I know that on a small neighbourhood about a point $p$, the exponential map is a diffeomorphism. But does the geodesic still depend continuously on the initial velocities after it has travelled a long distance from the origin?
To be precise, let $(M,g)$ be a complete Riemannian manifold, $p\in M$. For each unit length $v\in T_pM$, there is a half maximal geodesic $$\gamma_{p,v}:[0,\infty)\ni t\mapsto \gamma_{p,v}(t)\in M.$$
Now, given a number $T>0$ that can be arbitrarily large, and a sequence $\{v_n\}$ in the unit sphere of $T_pM$ such that $v_n\to v$, then do we still have that $d(\gamma_{p,v_n}(T),\gamma_{p,v}(T))\to 0$?
Of course we can write $\gamma_{p,v}(T)=\exp_p(Tv)$. However, it seems to me that $\exp_p$ is a diffeomorphism only on a small nbhd of the origin in $T_pM$, to which $Tv$ doesn't belong when $T$ is chosen large.
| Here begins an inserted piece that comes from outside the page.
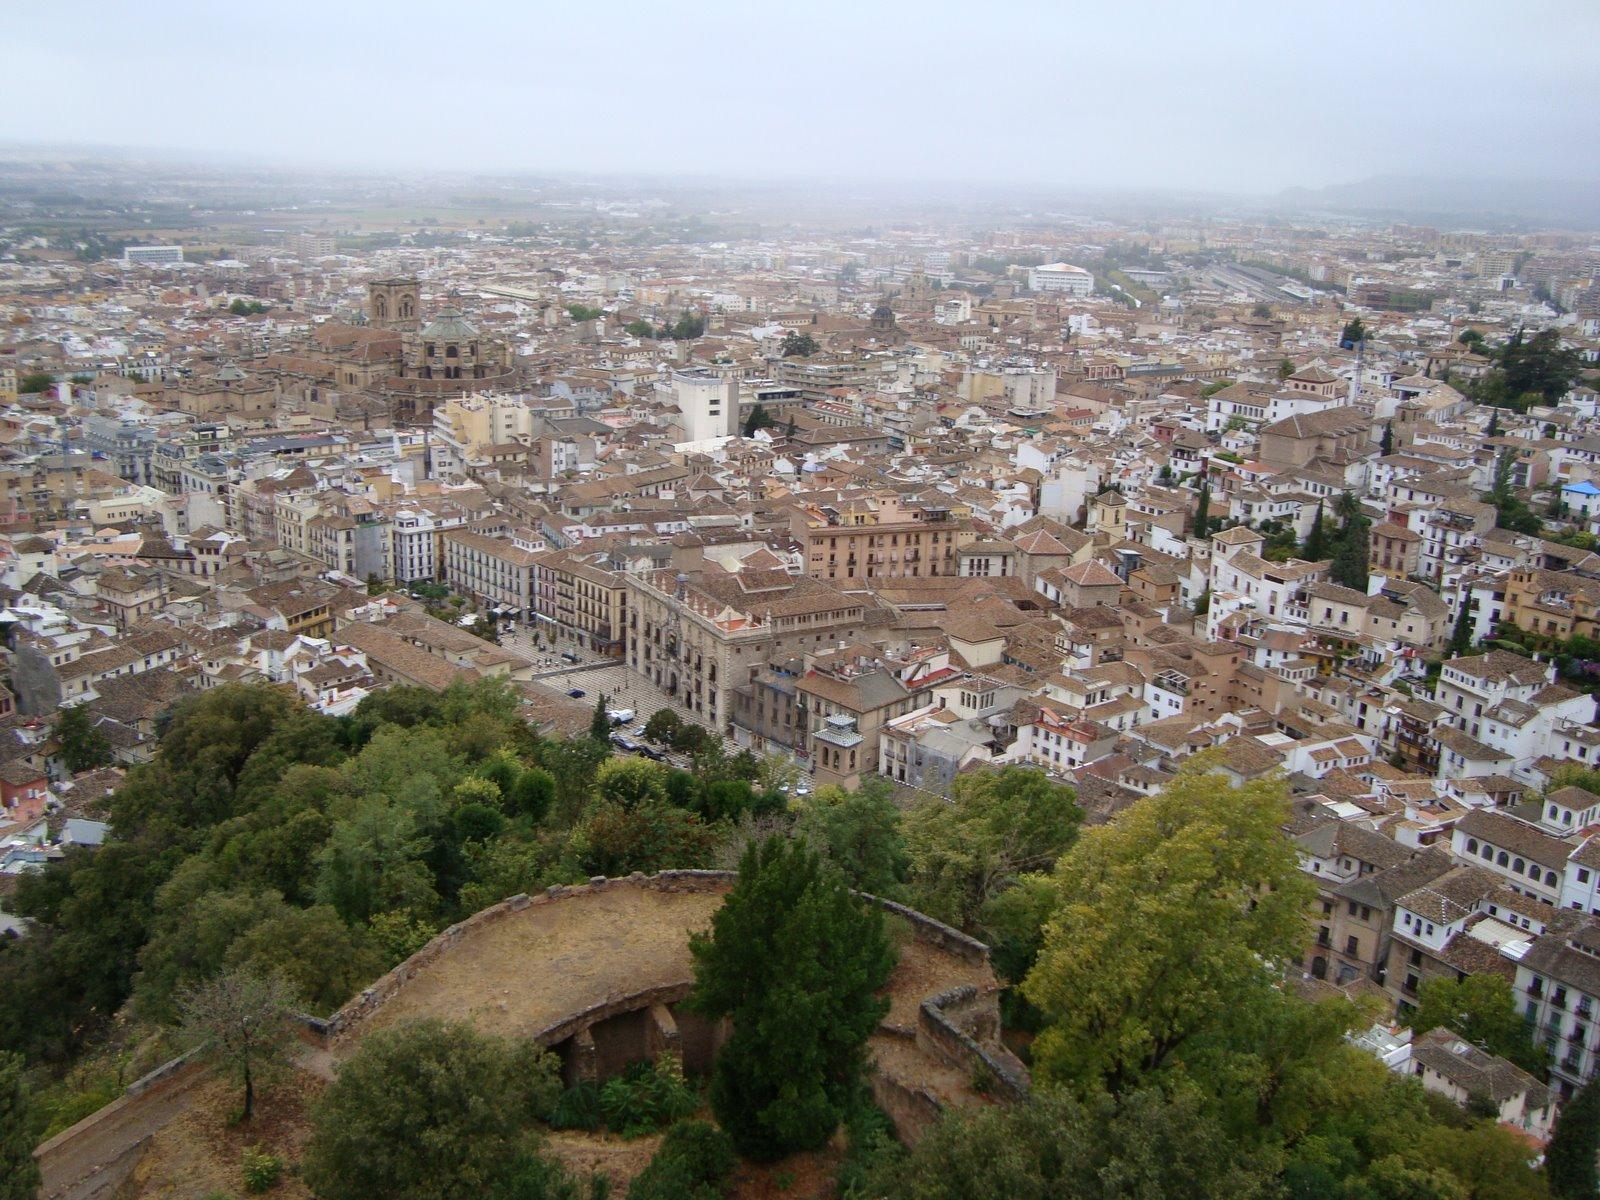 territory of Granada

Is there any other way to show this? Thanks!
PS: I think we can use a series of small nbhds to cover $\gamma_{0,v}([0,T])$, argue on each, put them together and conclude.
PPS: No worries! I have already found a theorem saying that the exponential map is smooth wherever it is defined. So we don't need the diffeomorphism here!